▶ **STORED DATA**
####################
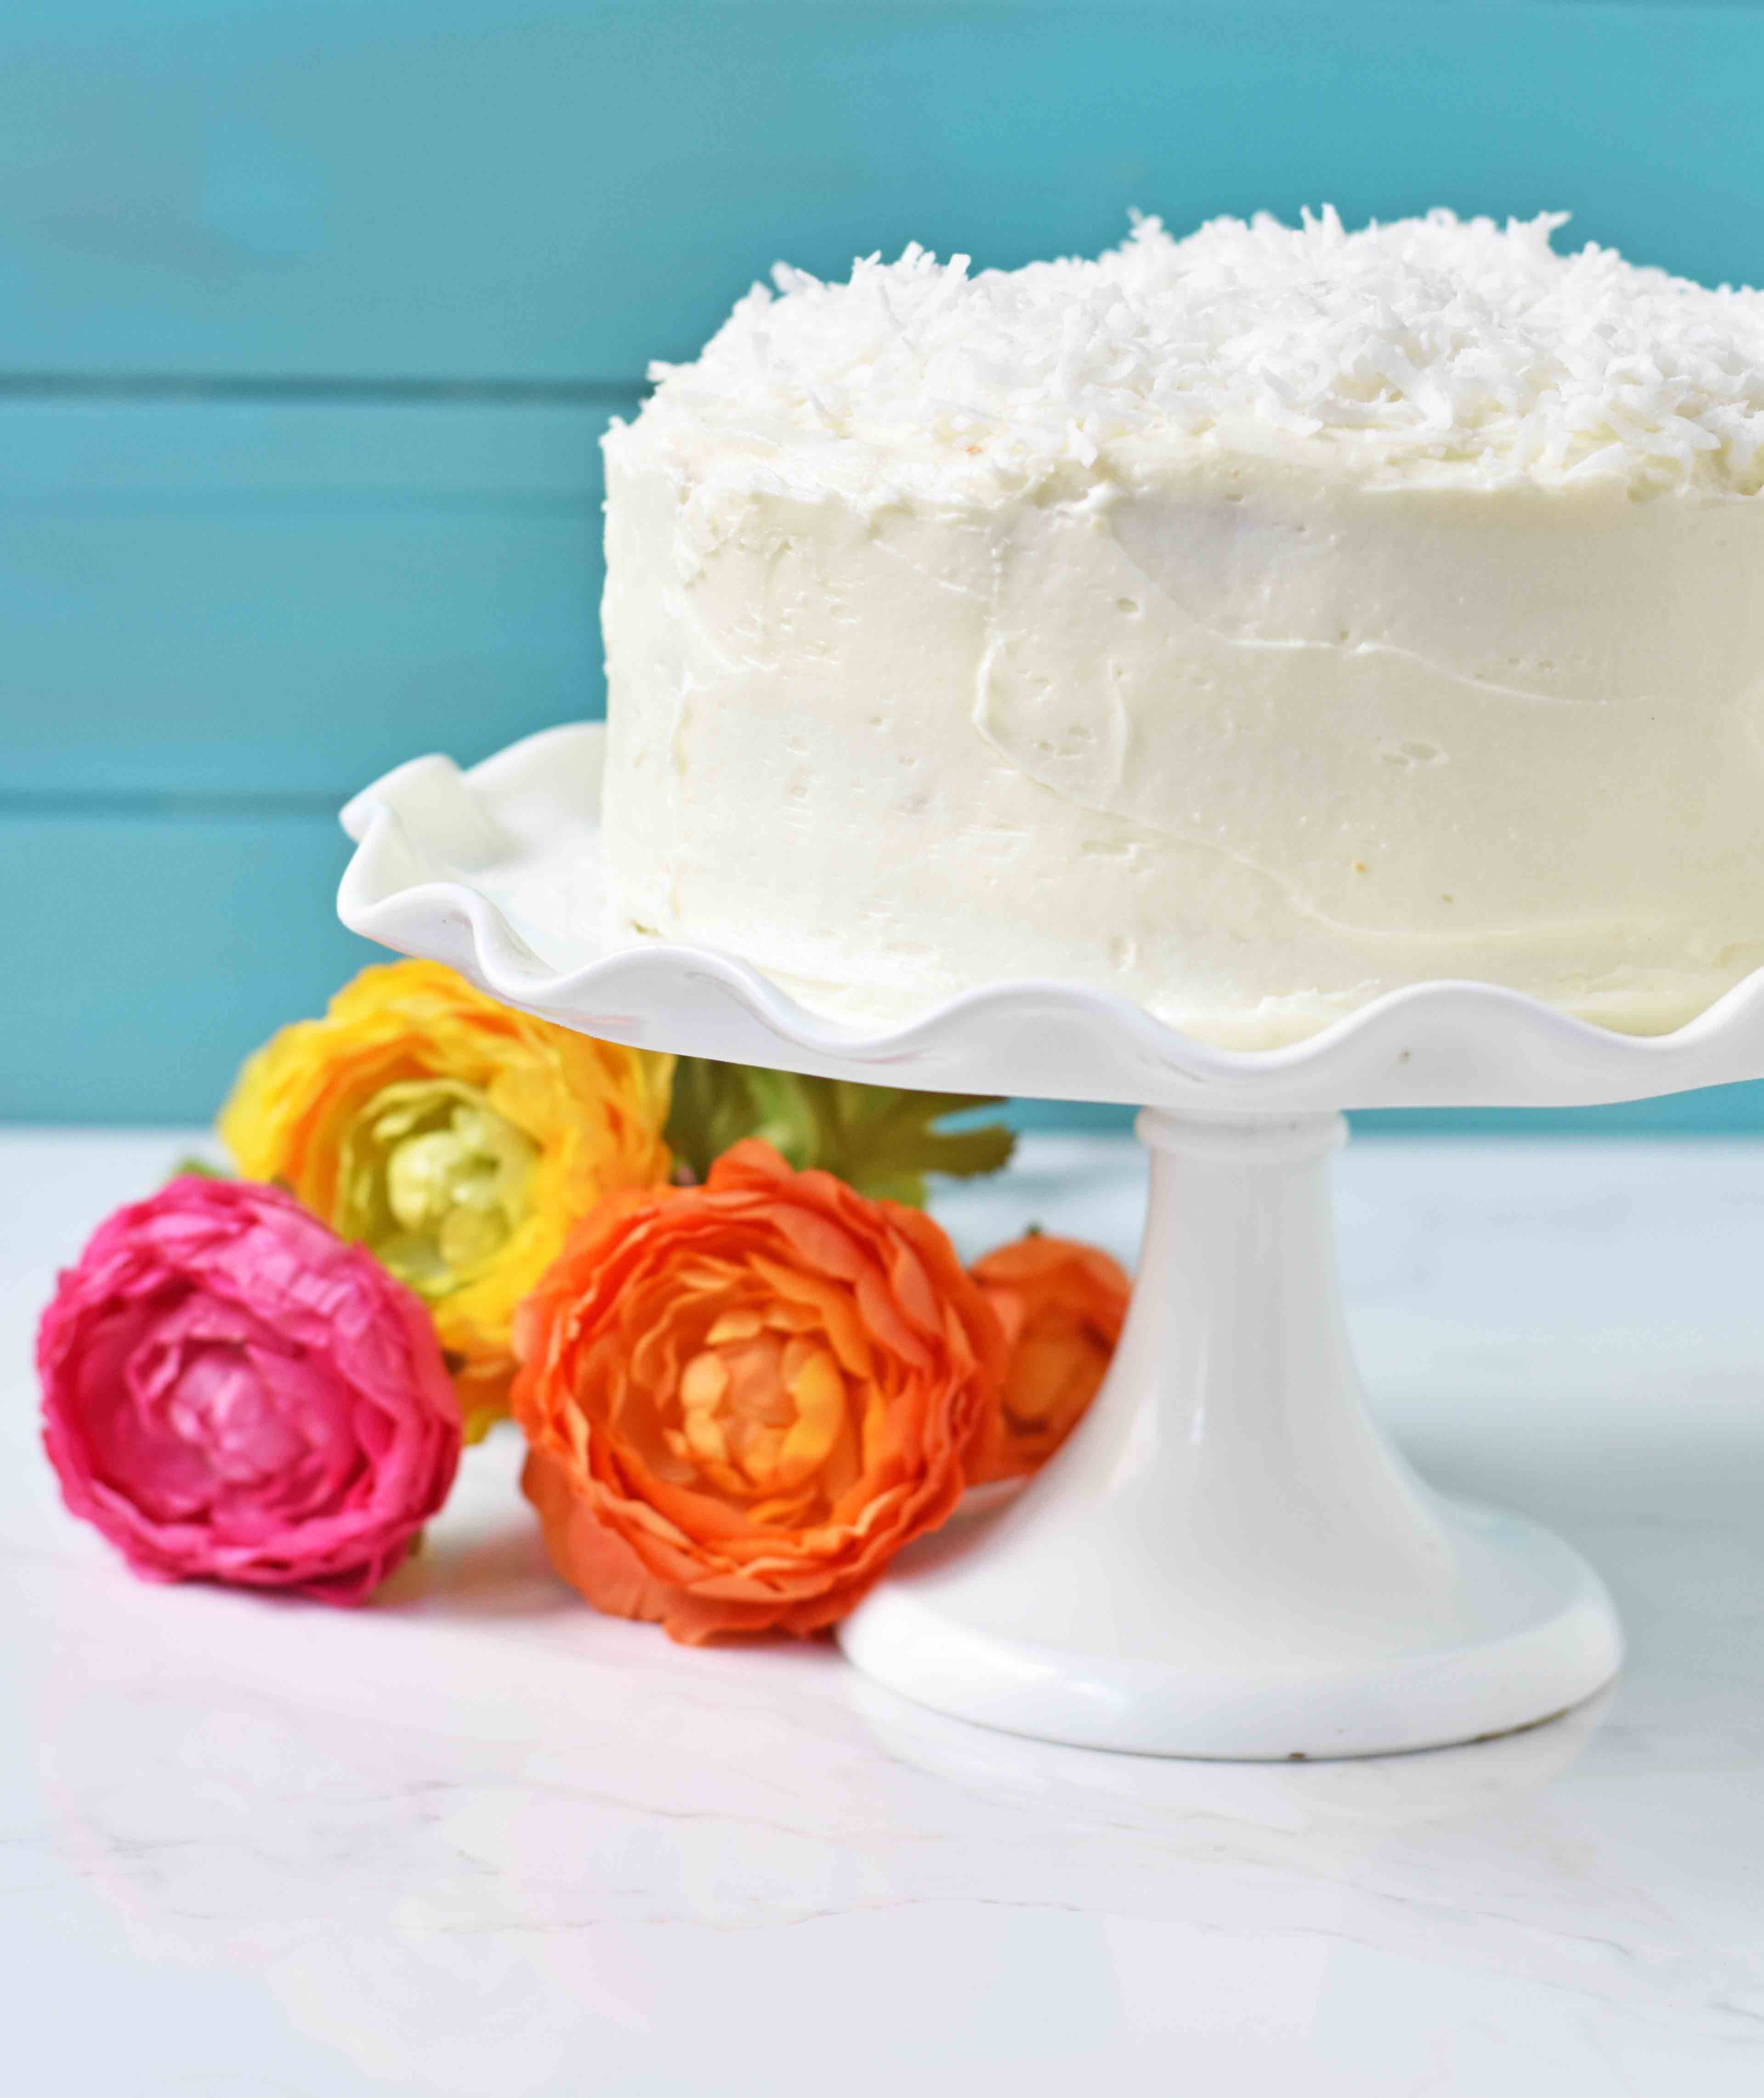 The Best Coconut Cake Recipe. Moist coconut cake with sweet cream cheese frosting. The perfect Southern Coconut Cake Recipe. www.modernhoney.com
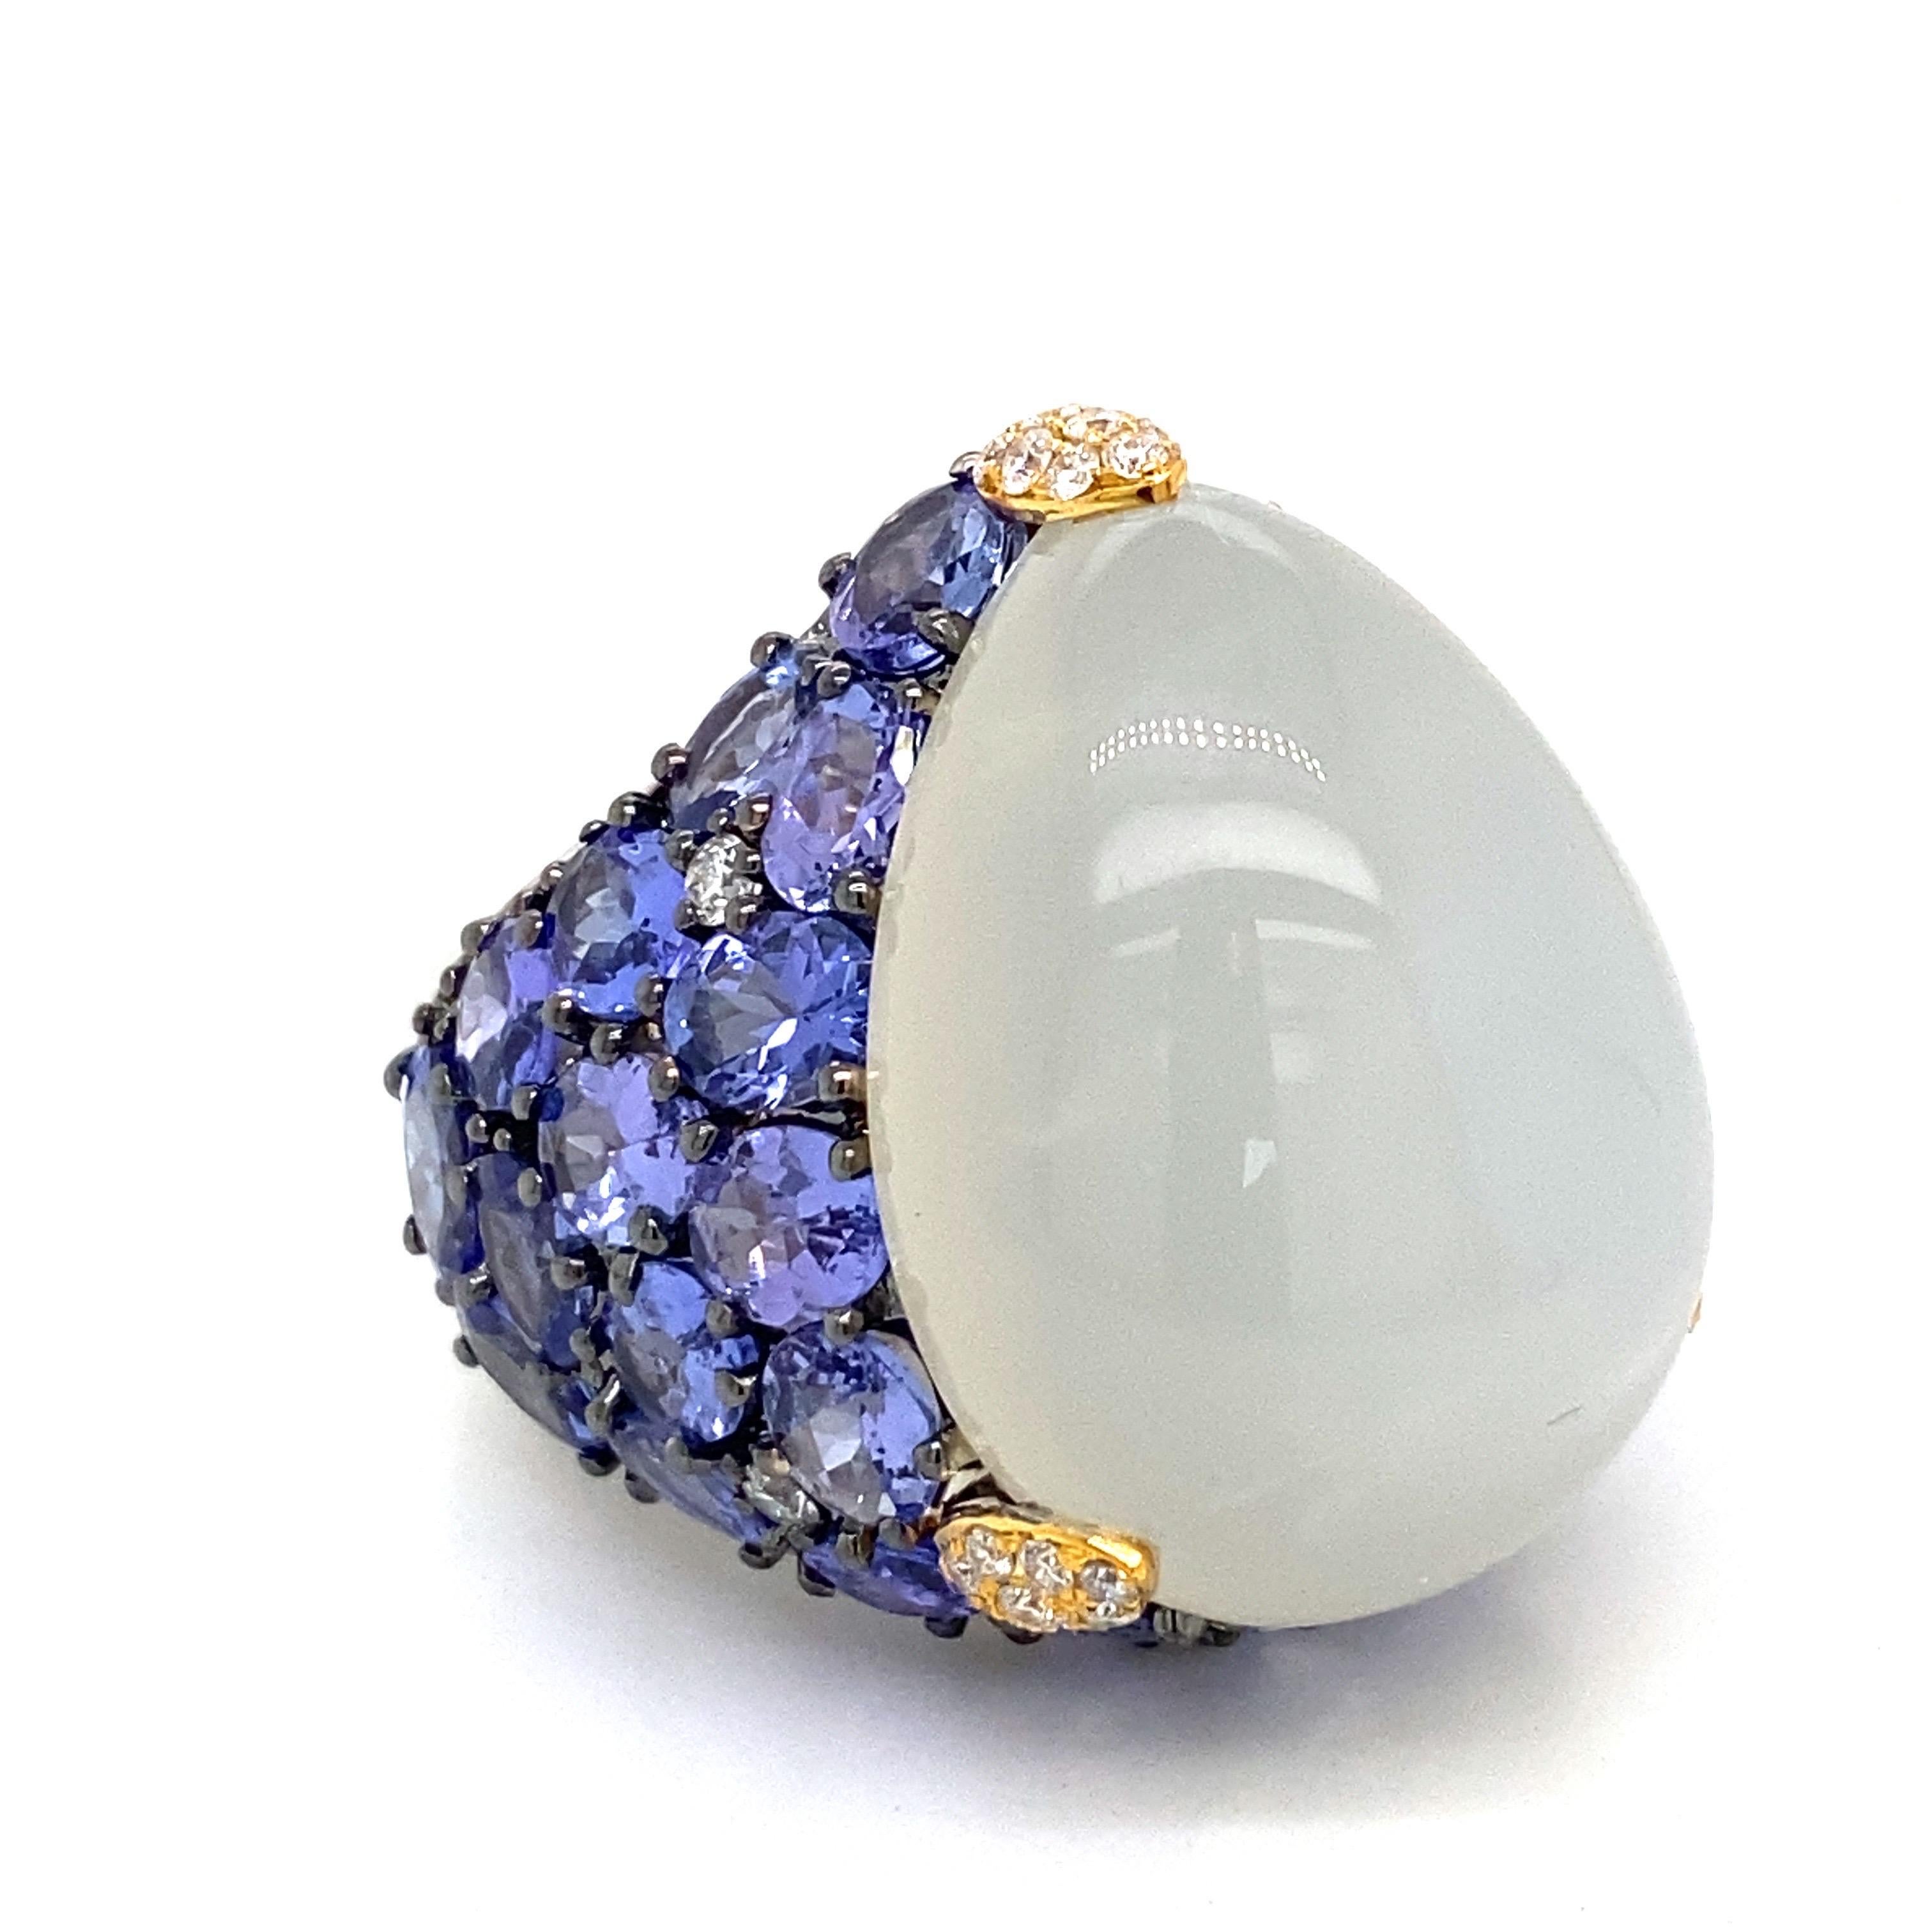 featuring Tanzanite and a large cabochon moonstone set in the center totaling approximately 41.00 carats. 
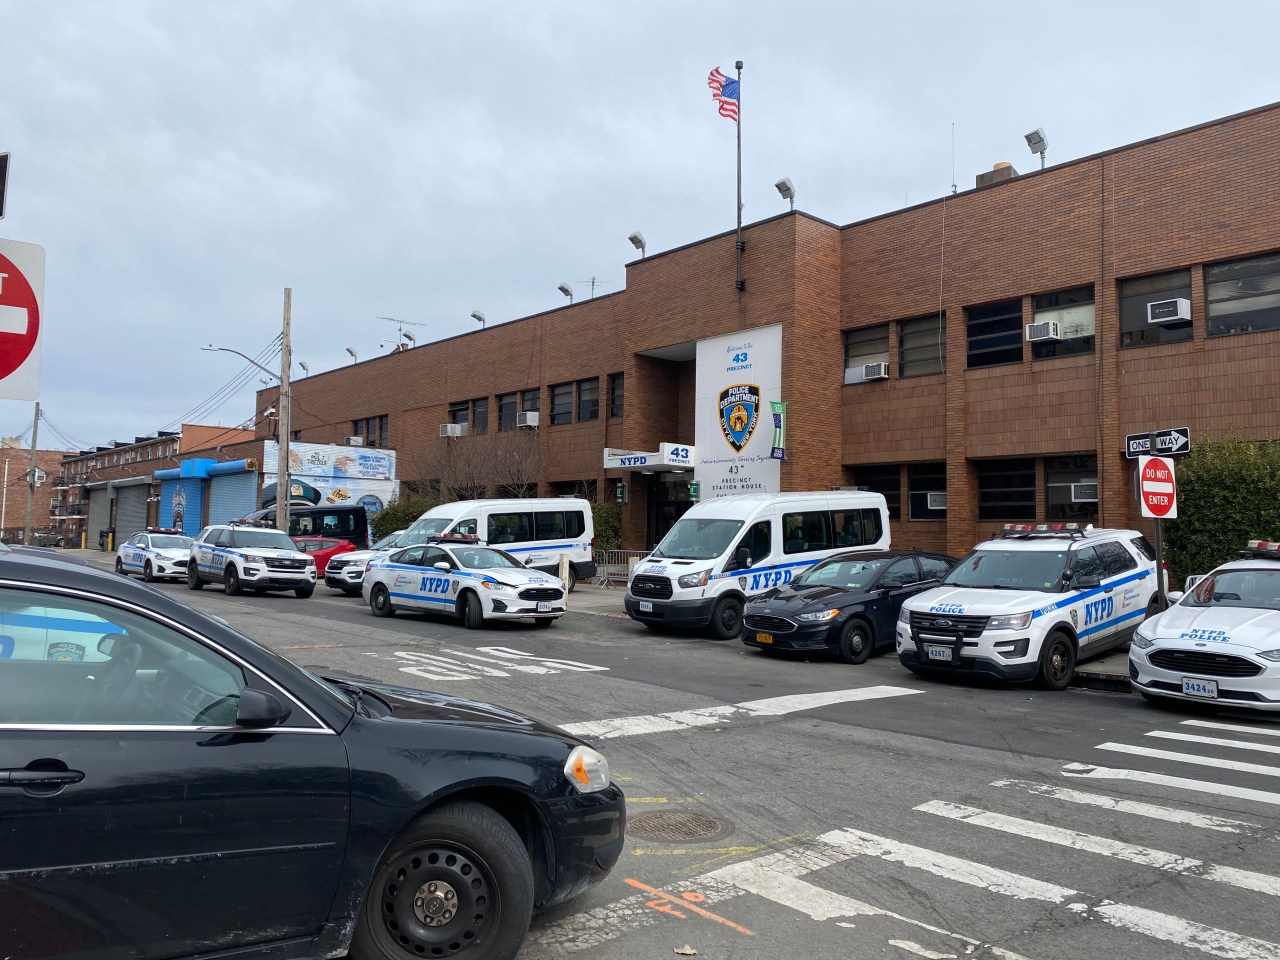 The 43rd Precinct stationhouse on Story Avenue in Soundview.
####################
▶ **THE TASK**
Each line of the listing is to be retyped exactly, and its pictures are to be dropped.

▶ **SOLUTION TO THE EXERCISE**
 The Best Coconut Cake Recipe. Moist coconut cake with sweet cream cheese frosting. The perfect Southern Coconut Cake Recipe. www.modernhoney.com
 featuring Tanzanite and a large cabochon moonstone set in the center totaling approximately 41.00 carats. 
 The 43rd Precinct stationhouse on Story Avenue in Soundview.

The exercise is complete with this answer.